Kemenangan taktik Roberto Martinez dengan Everton-nya itu makin membuat pilu Moyes. Dia tidak dirindukan oleh mantan klubnya dan kekalahan akhir pekan kemarin membuat klubnya saat ini ingin cepat-cepat mendepaknya. Pemecatan jadi sesuatu yang tidak terelakkan lagi.

Entah apa yang ada di benak Moyes sekarang. Mungkin, waktu sedang berjalan lambat di pikirannya dan perlahan-lahan memutar balik ke setahun silam, ketika Sir Alex tanpa tedeng aling-aling menunjuknya sebagai penerusnya. Moyes mengaku tidak bisa berbuat apa-apa. Seorang Sir Alex memutuskan masa depannya dan dia hanya bisa mengangguk.

Tidak ada yang salah, memang, dengan menerima tawaran dari salah satu klub terbesar di Inggris. Manajer mana pun yang membutuhkan batu pijakan untuk naik ke level berikutnya pasti sulit untuk menolak. Mungkin kala itu Moyes punya cukup keyakinan bahwa dia bisa meneruskan jejak kompatriotnya. Tapi, yang terlihat sekarang adalah Moyes masih terpekur pada pertemuan dengan Sir Alex saat itu dan dia tidak tahu apa yang dilakukannya saat ini.

Seorang manajer yang bagus seharusnya tahu apa yang ingin dicapainya dan bagaimana cara mencapainya. Ambil perbandingannya dengan Pep Guardiola. Dia selalu tahu bahwa cara terbaik untuk memperbarui gairah melatih adalah dengan menandatangani kontrak setahun demi setahun. Oleh karenanya, ketika Sandro Rosell --presiden Barcelona ketika Pep jadi pelatih di sana-- bertanya soal kontrak baru dalam sebuah acara makan malam yang santai, Pep tidak menurunkan penjagaannya. Dengan tegas dia menjawab, "Ini bukan saatnya, Tuan."

Pep tahu bahwa untuk bisa sukses bersama Bayern Munich, dia harus fasih meneriakkan instruksi dalam bahasa yang dipahami anak-anak buahnya. Maka, belajarlah dia bahasa Jerman selama setahun. Dalam kelanjutannya, Pep juga tahu sepakbola seperti apa yang diinginkannya dari Bayern. Seperti ketika Johan Cruyff mengalih-posisikan dirinya dari full-back menjadi gelandang bertahan, Pep memindahkan posisi Philipp Lahm ke posisi yang sama.

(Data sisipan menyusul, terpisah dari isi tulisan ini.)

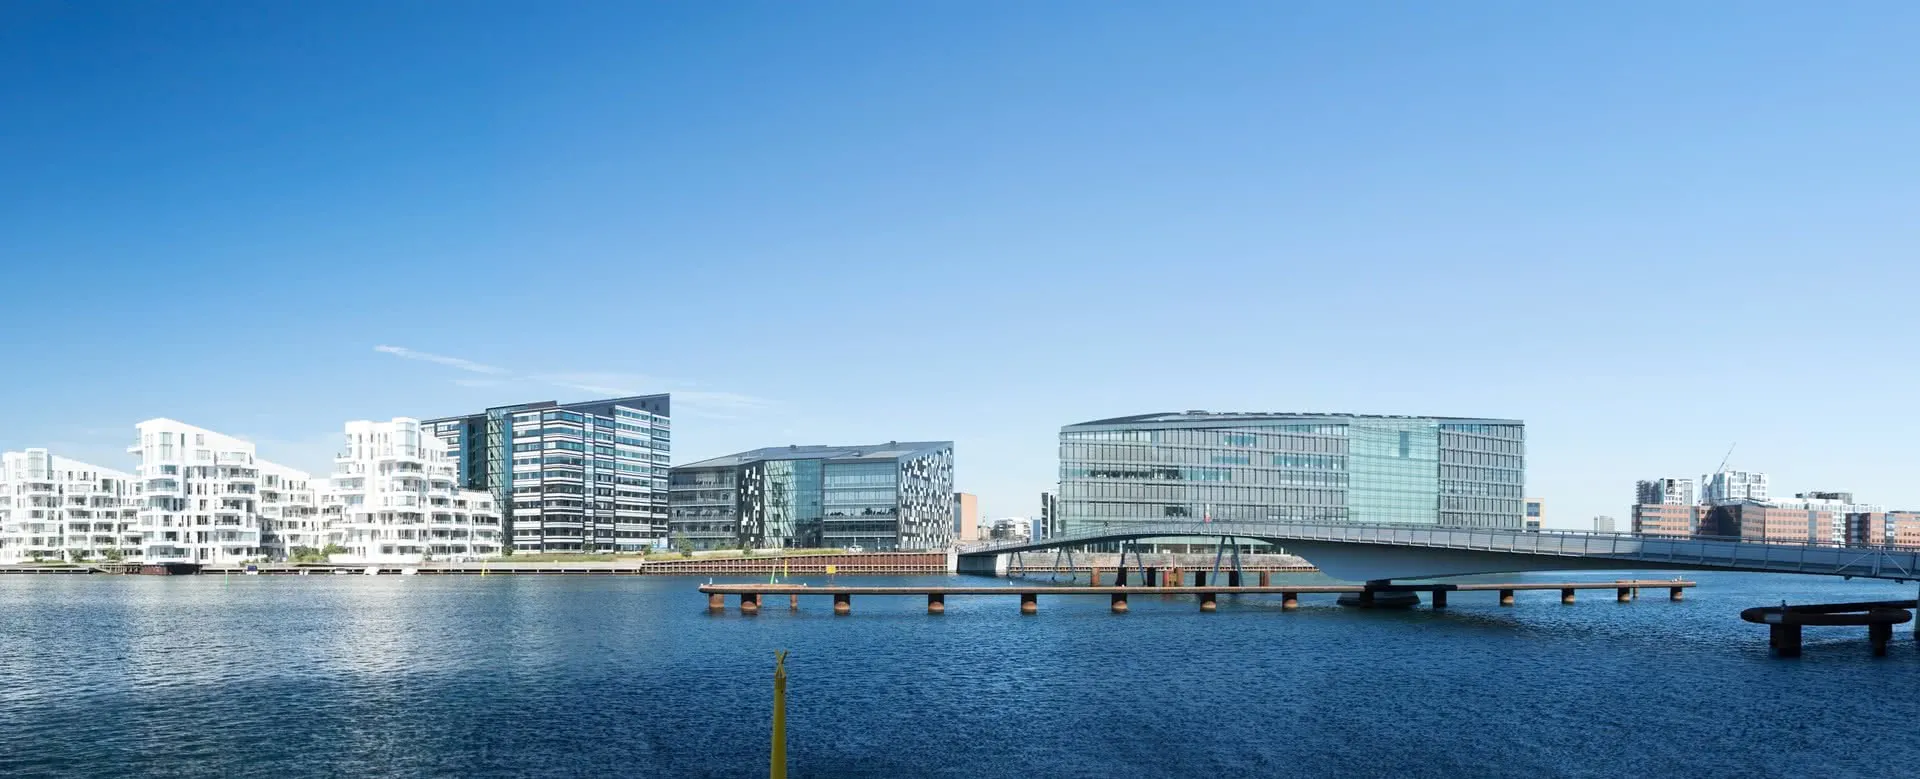 Kopenhagen Panorama Bild

Dia juga mengubah formasi Bayern menjadi 4-1-4-1. Proses ini tidak berjalan lancar awalnya, para pemain sempat bingung. Namun, seperti yang sudah diucapkan oleh Carragher, waktu layak diberikan kepada mereka yang menunjukkan harapan. Pep, dalam hal ini menunjukkan rencana yang jelas dan oleh karenanya menunjukkan sepercik harapan. Pep pun perlahan-lahan berhasil dan hasilnya bisa dilihat saat ini.

Hal yang sama juga dilakukan Brendan Rodgers di Liverpool. Para petinggi klub bersabar dengannya, meski The Reds finis di urutan ketujuh pada musim lalu. Mereka tahu bahwa performa Liverpool pada paruh kedua musim, seiring masuknya Philippe Coutinho dan Daniel Sturridge, menunjukkan perubahan signifikan. Hasilnya, lagi-lagi, bisa dilihat pada saat ini.

Moyes, yang disebut The Chosen One itu, pada akhirnya hanya seorang manajer yang numpang lewat dalam catatan sejarah United. Moyes bukanlah messiah, bukan penyelamat. Moyes bukanlah Moyes-siah.